The 1981 Dubai Grand Prix, billed ‘the biggest motor racing event ever to hit the Arabian Gulf’, saw four former Formula 1 World Champions, two future Champions, four 24 Hours of Le Mans winners and multiple F1 race winners converge in the UAE for a one-make Citroen CX saloon car race. On the beach.
The 1981 Grand Prix season will be remembered for several reasons: Brabham’s Nelson Piquet won his first Formula 1 Driver’s World Championship; the battle between FISA, the sport’s governing body, and FOCA, the constructor’s association, saw the season’s debut race in South Africa (won by Championship frontrunner Carlos Reutemann) reduced to non-championship status; victories for seven different drivers and six different teams in the first eleven races; and the first Grand Prix to hit Dubai.
Yep, you read that correctly. Before the Abu Dhabi Grand Prix re-wrote the motor racing logbook in the Middle East with its 2009 debut, the region welcomed eight Formula 1 stars to compete in ‘the biggest motor racing event ever to hit the Arabian Gulf’. Of course this wasn’t a Formula 1 event (spoiler, sorry). The 1981 Dubai Grand Prix in December was actually a touring car race that included F1 demonstration runs, organised to commemorate the tenth anniversary of the United Arab Emirates. Still, as headliners go, this was a biggy.

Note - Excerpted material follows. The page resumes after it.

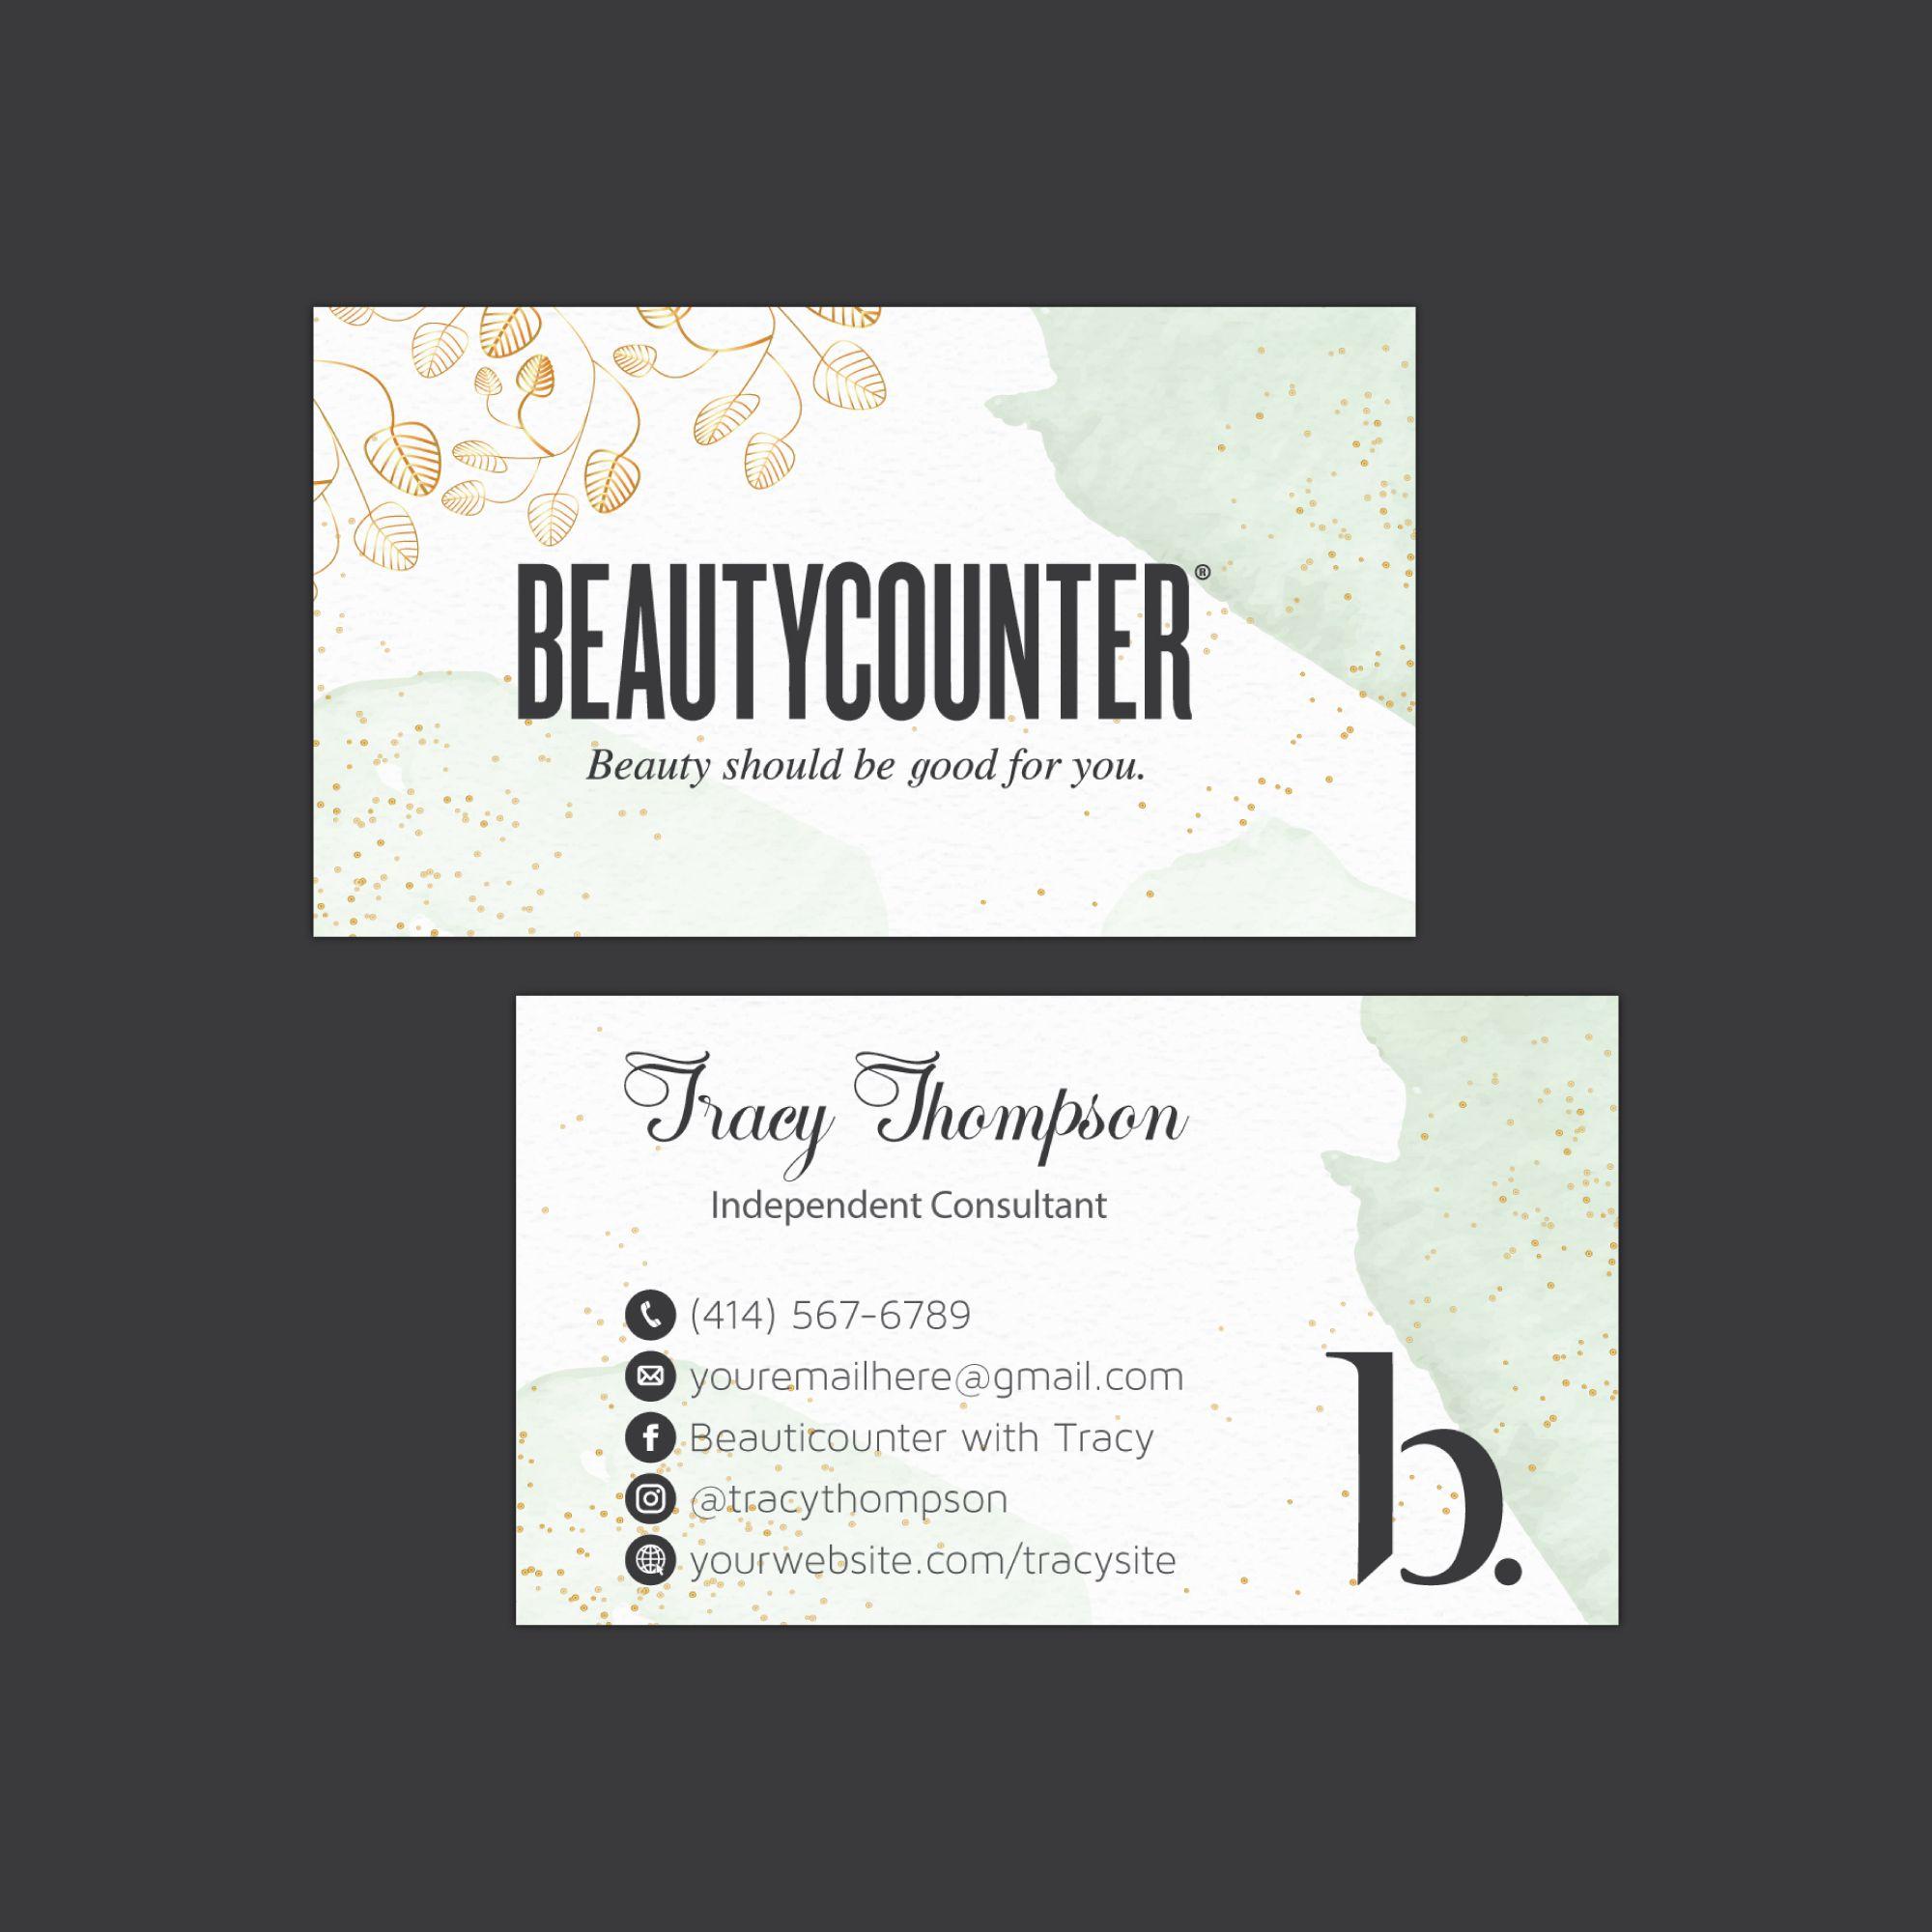 Watercolor Beautycounter Business Card Business Card Personalized Beautycounter Business Card Printable Card Bc40 Beautycounter Business Printable Business Cards Beautycounter

Billed on the schedule were former F1 champions Juan-Manuel Fangio (’51, ’54-‘57), John Surtees (’64), Denny Hulme (’67) and Jack Brabham (’59-60, ’66); former 24 Hours of Le Mans winners Derek Bell (‘81), Richard Attwood (’70), Roy Salvadori and Carroll Shelby (’59), and Grand Prix stars Stirling Moss, Innes Ireland, Dan Gurney and Nigel Mansell, and the following season’s World Champion Keke Rosberg. Phew!
All were set to compete in a ten-lap Citroen CX saloon car race supported by the Aston Martin Owner’s Club, who brought with them several DB4 GTs and a couple of DBR1s, plus demonstration runs of a Mercedes-Benz 300 Monoposto, a Maserati 250F, an Aston Martin DBR4 and a Bugatti Type 35B among others. All on a track carved out of the beach.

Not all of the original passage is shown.